Well, I am speaking as a recent daddy where my wife does *not* get full paid up maternity leave that we should not touch this benefit for public or private sector workers who are lucky enough to have it.

I can see how it would be very beneficial for babies and mothers to get 6 months paid leave and therefore, great for society. 

6 months is the norm elsewhere, it is very short sighted to look at this benefit as something that can be cut. We only relatively recently came up to standard with 6 months so lets leave it, it pays for itself in the long run.


----------



## Purple

south_dub said:


> 6 months is the norm elsewhere, it is very short sighted to look at this benefit as something that can be cut. We only relatively recently came up to standard with 6 months so lets leave it, it pays for itself in the long run.

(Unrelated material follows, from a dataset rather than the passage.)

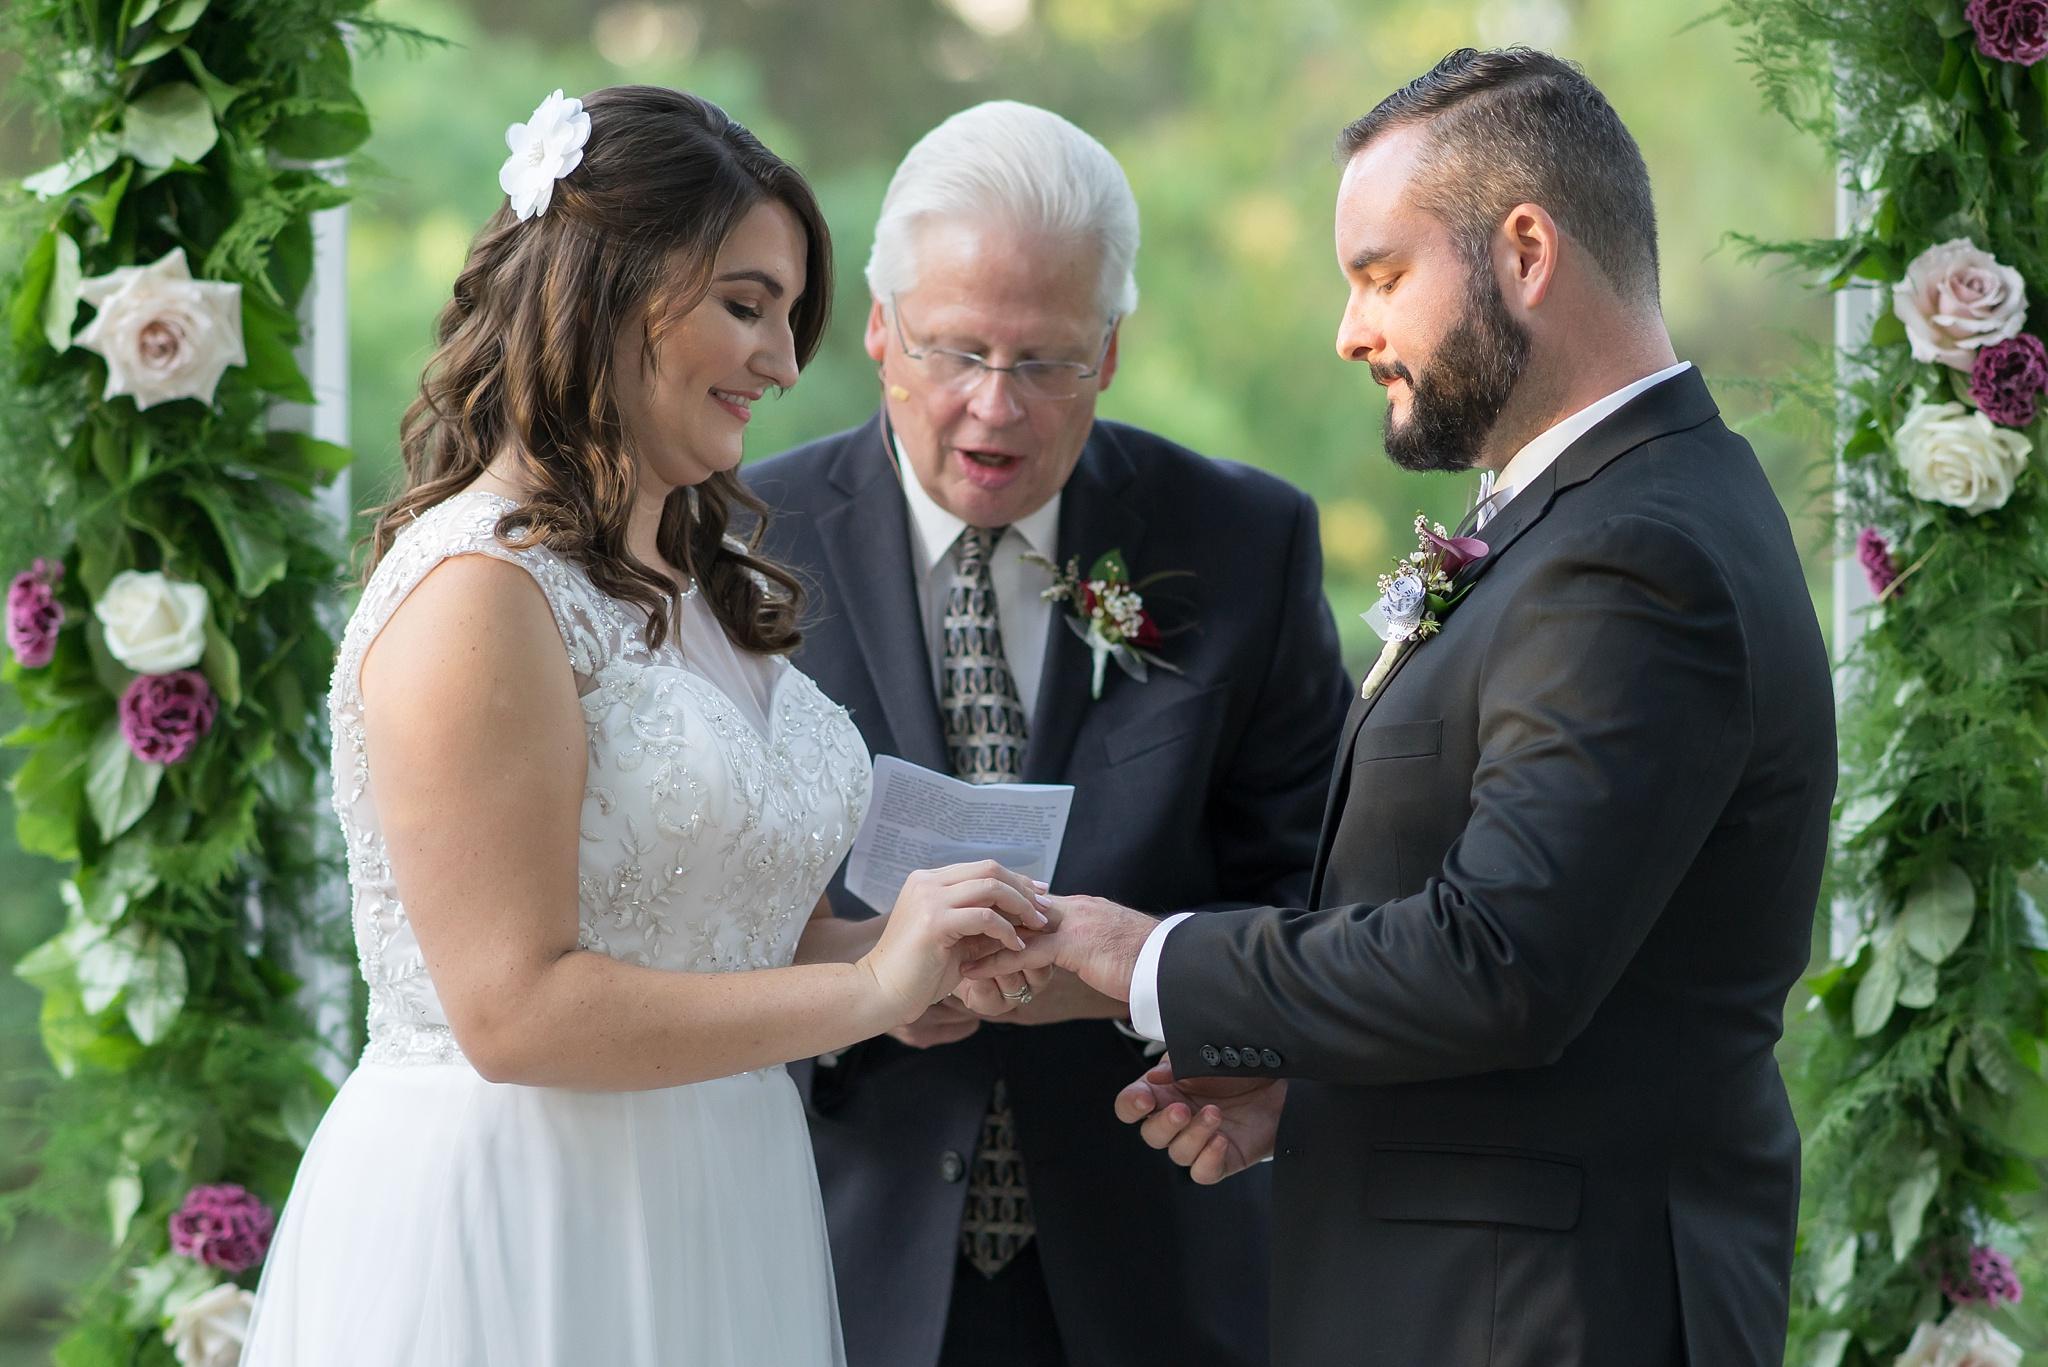 TommyandAmanda_WEDDING_BrienneMichelle_Ceremony_079_BLOG.jpg

 "Elsewhere" is not as deep in the  mẽrd as us so they can afford it, we can't. 
BTW, how does it pay for itself in the long run?
Even if it does we need the money now.


----------



## south_dub

Purple said:


> "Elsewhere" is not as deep in the mẽrd as us so they can afford it, we can't.
> BTW, how does it pay for itself in the long run?
> Even if it does we need the money now.


 
Yeah but I think you will find that most experts in these matters insist 6 months is required leave - I mean, it makes sense to me: sending a 3 month old baby into a creche is unthinkable to me as a recent daddy. 6 months is the minimum age.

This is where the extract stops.